Het Muurschotelmos (Lecanora muralis) is een zeer algemeen korstmos dat op vrijwel alle straatstenen, muren en opritten kan voorkomen. Het ziet eruit als ronde, grijsgroene vlekken. Het is een stikstofminnende soort.

Het korstmos Lichenoconium erodens komt als parasiet op de Groene Schotelkorst, een ander korstmos, voor.

Het korstmos Lichenoconium xanthoriae is een parasiet op het Klein Dooiermos en het Groot Dooiermos.

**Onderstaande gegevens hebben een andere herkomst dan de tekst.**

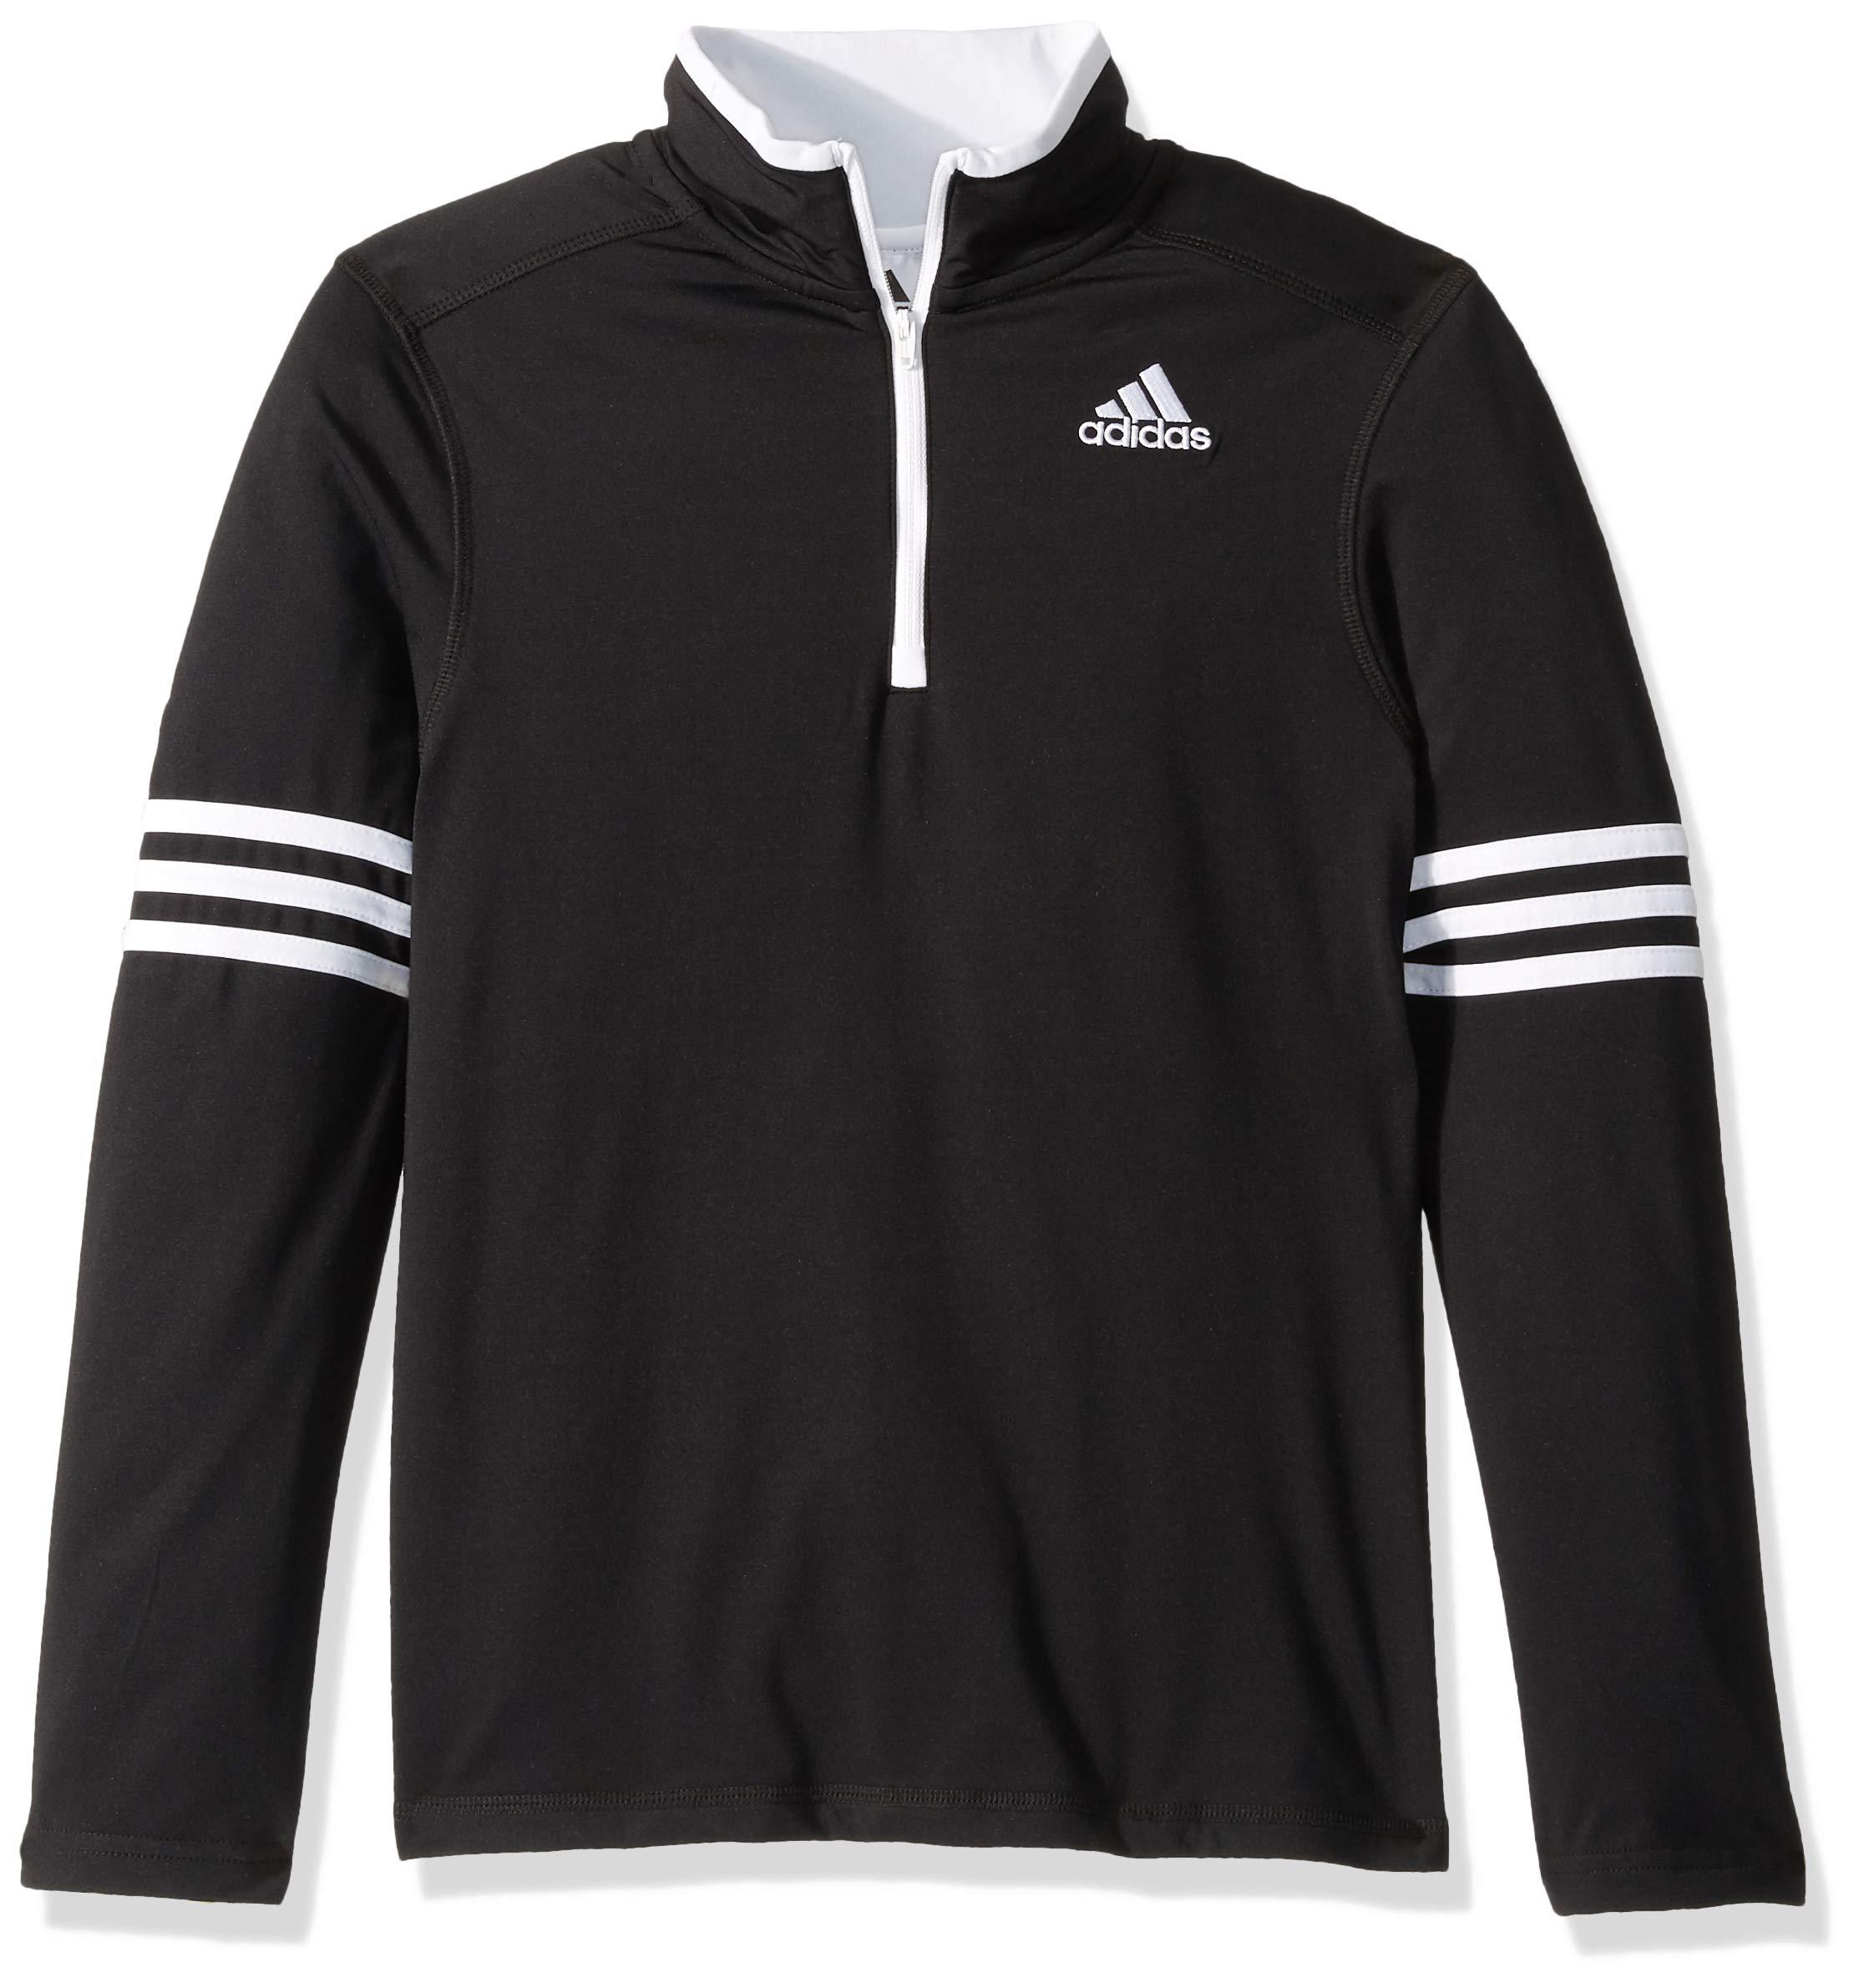 adidas Boys' Big Athletic Quarterzip, Black, S (8/10)

Het Hamsteroortje (Normandina pulchella) is een epifytisch korstmos dat vroeger strikt gebonden was aan Iep, maar zich wist aan te passen aan andere boomsoorten en andere habitats.  Dit mos komt thans voor op Eik-soorten, Wilg-soorten, Iep-soorten en Gewone Es in bossen, broekbossen, duinstruwelen, duinbossen en op laanbomen.  

Het Gewoon Schildmos (Parmelia sulcata) is een korstmos dat voorkomt op boomstammen, vooral op Appel. In verontreinigde streken komt dit korstmos alleen voor onder op de stam. Hoe schoner de lucht, hoe hoger de groeiplaats. Vogels gebruiken dit mos graag bij hun nestbouw.   

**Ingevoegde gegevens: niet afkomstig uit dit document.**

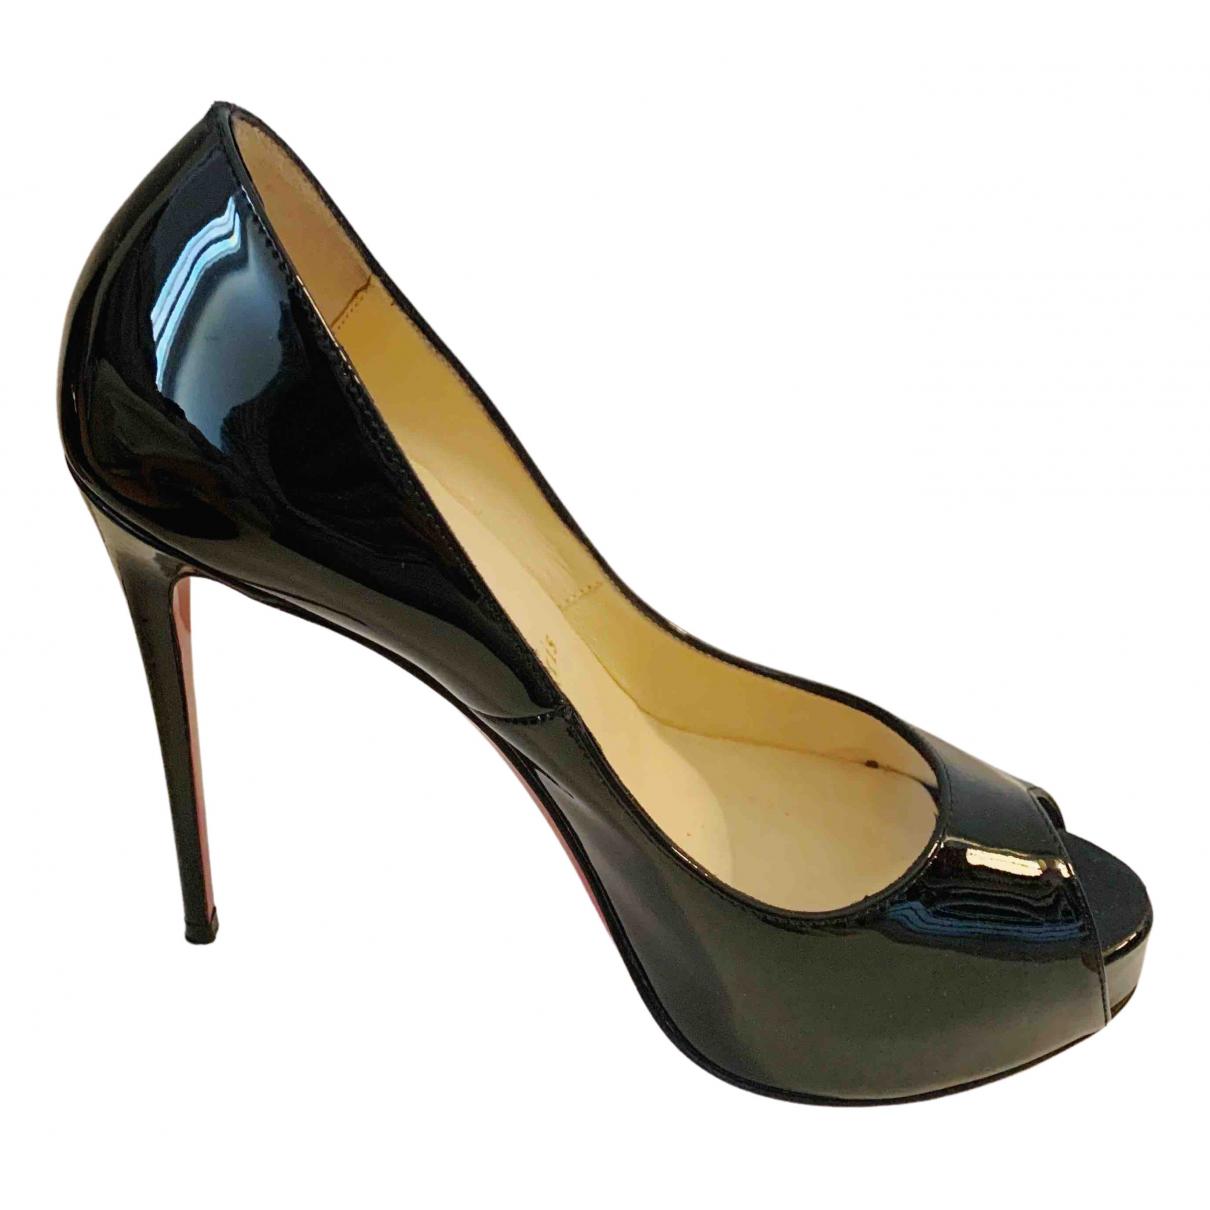 Christian Louboutin Very Privé Black Patent leather Heels for Women 35 EU

Het Knopjesschildmos (Parmelina pastillifera) is een korstmos dat groeit op oude wegbomen, zoals Eik-soorten.

De Grijze Spijkerdrager (Protoparmelia hypotremella) is een korstmos dat groeit op oude wegbomen, zoals Eik-soorten.

De Bruine Spijkerdrager (Protoparmelia oleagina) is een korstmos dat groeit op oude wegbomen, zoals oude Eik-soorten.

Het Waaiertakmos (Ramalina lacera) is een korstmos dat voorkomt op Eik-soorten, op de droge kant van oude bomen. Deze soort komt ook soms voor op de noordmuren van oude kerkgebouwen. Op dergelijke muren komen vaak soorten voor die gewoonlijk epifytisch groeien. Op bomen is deze soort sterk achteruit gegaan, maar vindt dit mos blijkbaar op kerkmuren nog een refugium.

Het Bruin Boerenkoolmos (Tuckermannopsis chlorophylla) is een korstmos dat voorkomt op Eik-soorten, vooral in oude eikenlanen en op vrijstaande bomen en ook op stobben van Grove Den in stuifzandgebieden.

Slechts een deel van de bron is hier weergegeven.